Well there are people who think that with those 3 we were one great player away from a championship. What a bunch of idiots...

Lopez actually moves very well for a 7 footer and would of gave us the post presence we needed.

You make a good point on Gallo.
 

GetRealistic

Starter
I feel that D'Antoni does not have the talent to be assessed as a coach yet.

Knicks have one of the worst rosters in the NBA.

100% correct. There is no coach in the NBA and that includes guys who have never been head coaches in this league (Ewing and Jackson) who could turn this team into anything special. They simply aren't good enough.
 

MSGKnickz33

The Gold Mac
I feel that D'Antoni does not have the talent to be assessed as a coach yet.

Knicks have one of the worst rosters in the NBA.

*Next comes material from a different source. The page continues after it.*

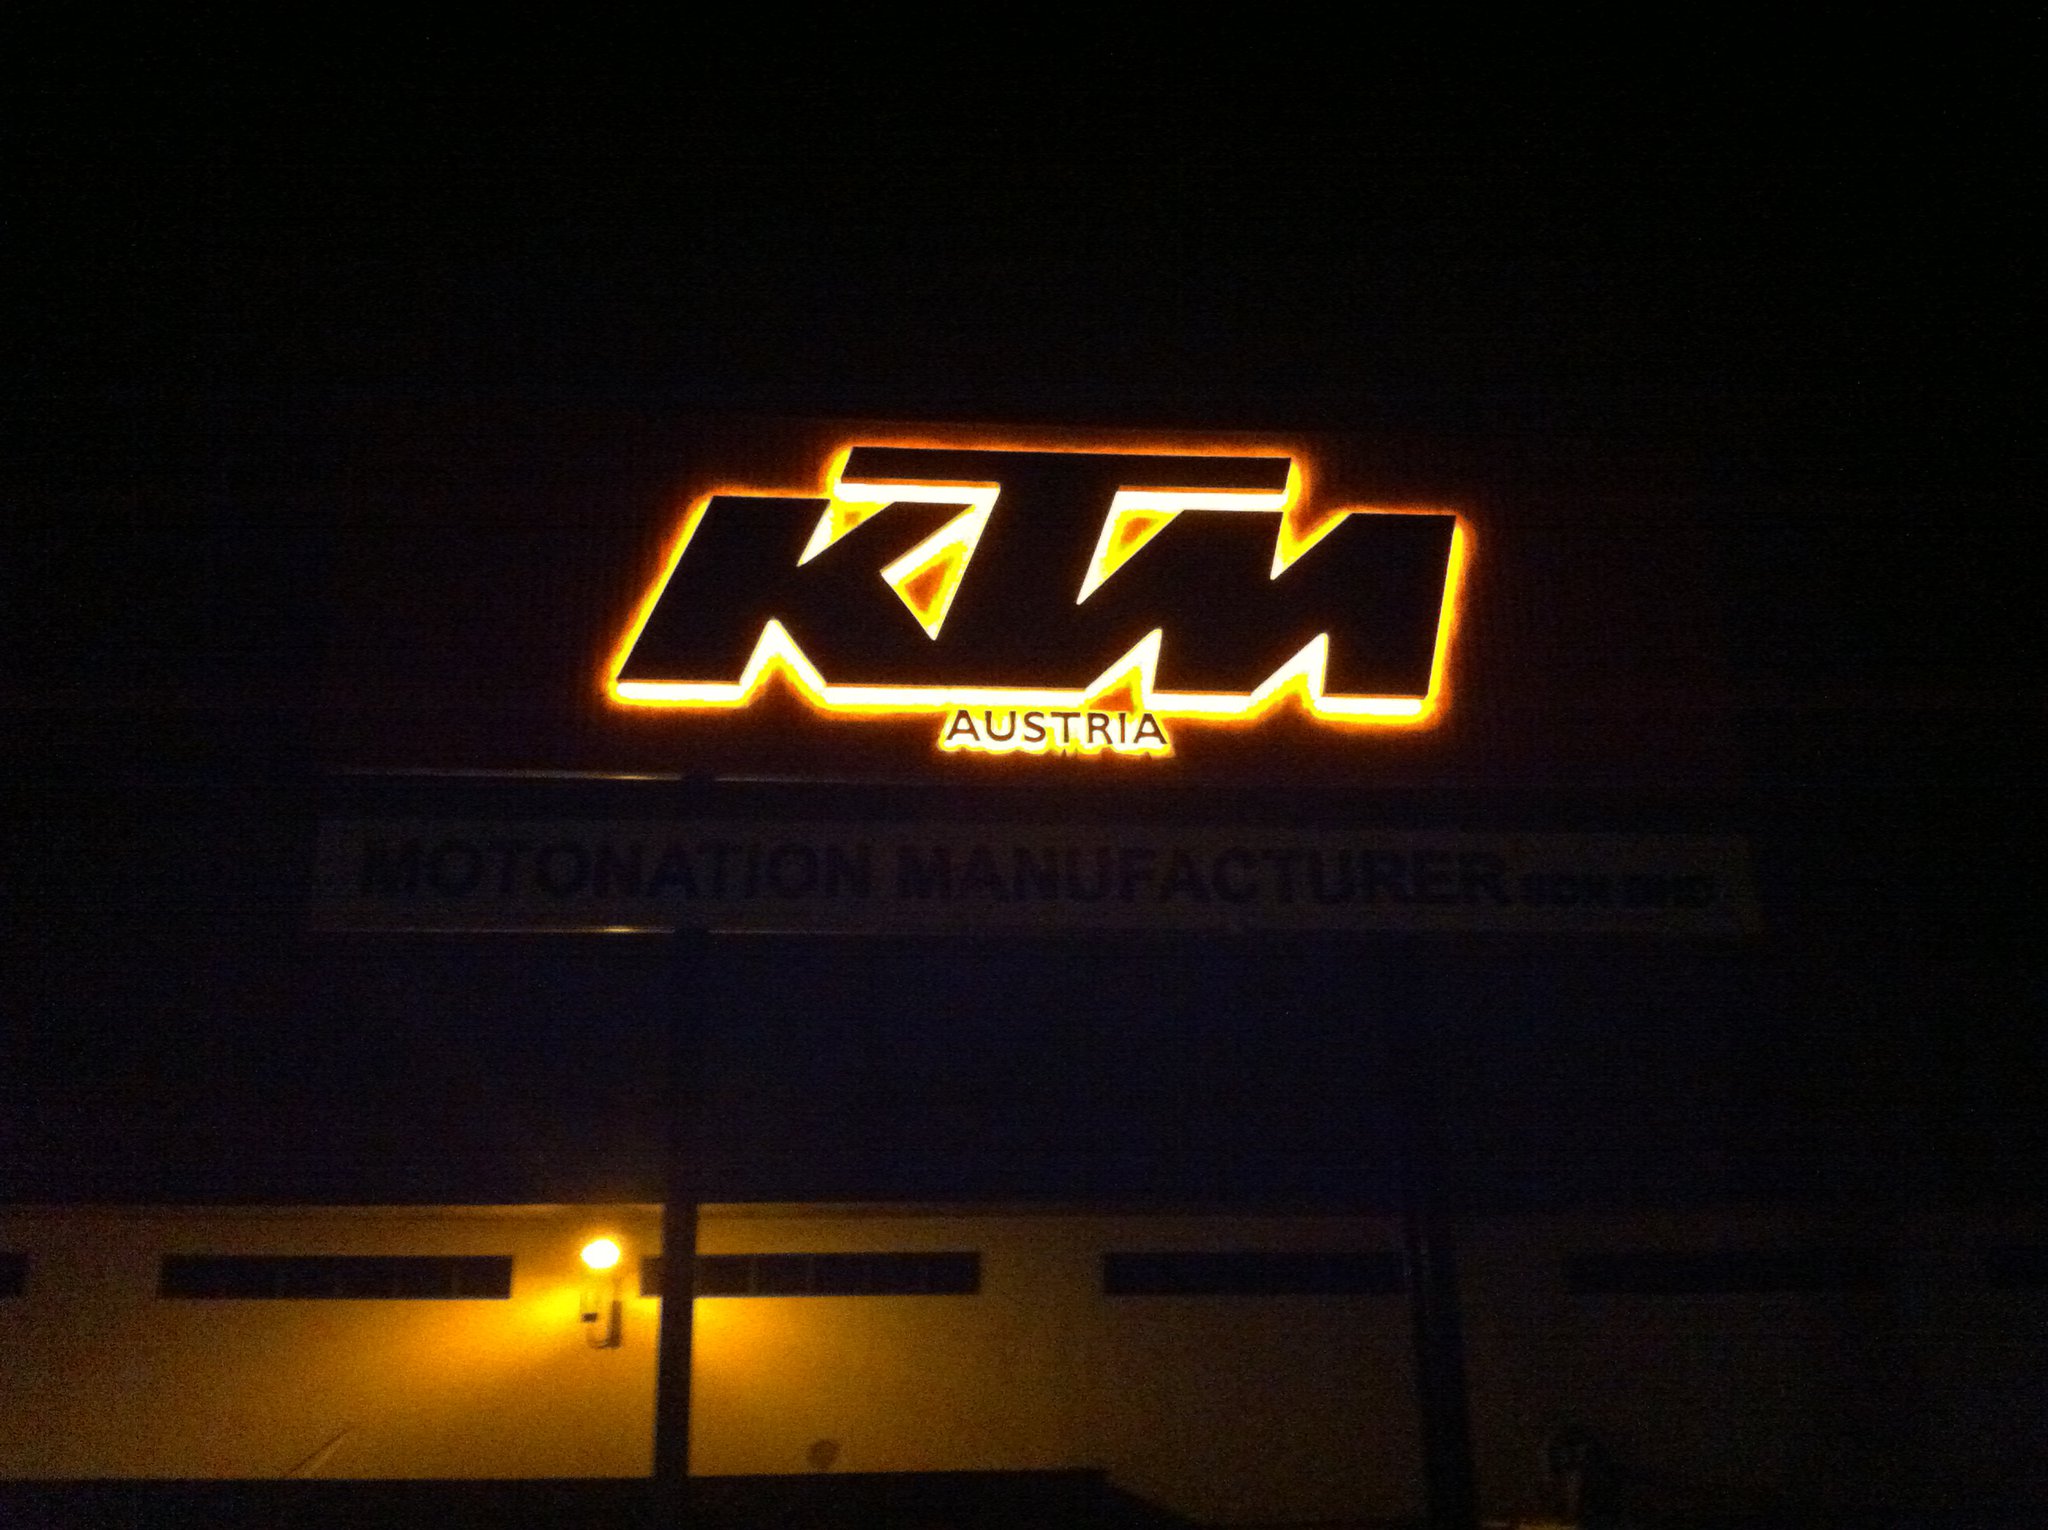 Ktm Motonation Factory

100% correct. There is no coach in the NBA and that includes guys who have never been head coaches in this league (Ewing and Jackson) who could turn this team into anything special. They simply aren't good enough.

2 of the few posts that are actually on topic in this thread...and i definitely respect that opinion. In my mind, i keep comparing the team from 2 years ago to this year...which team is more talented?

We got young players who are better now, like Lee and Nate...and Wilson Chandler, who was drafted after that year. We swapped Crawford for al harrington, both players really arent that good in my opinion but i would take Harrington over crawford.

The biggest difference is that we dont have Stephon Marbury anymore, instead we have Chris Duhon. And also, Eddy Curry rarely played this year...which i look at as a good thing. He plays ZERO defense, he clogs the paint, and hes turnover prone.

So which team is better?

Does the loss of Marbury = the improvement of Nate R, D Lee, the addition of Wilson chandler, trading crawford for Al Harrington, and Eddy curry not playing?

Now that i think about it, this indirectly proves the value that Marbury had to our team that year...with such crappy teammates, he carried that team to 33 wins and possibly a playoff birth had he not been injured in early April of that year. This is also more proof of how much better Marbury is then Duhon.

And yes, i know...were building for the future, but its not like duhorn is part of the future and Marbury expires after this season...
 

Arod2k9

Benchwarmer
MetroCard,

Lopez fits perfect for what the Nets want to do. Thorne knows what he is doing! As well as Walsh, this guy has put us in a position to at least have an opportunity to get a Joe Johnson, Chris Bosh, DWade, and others.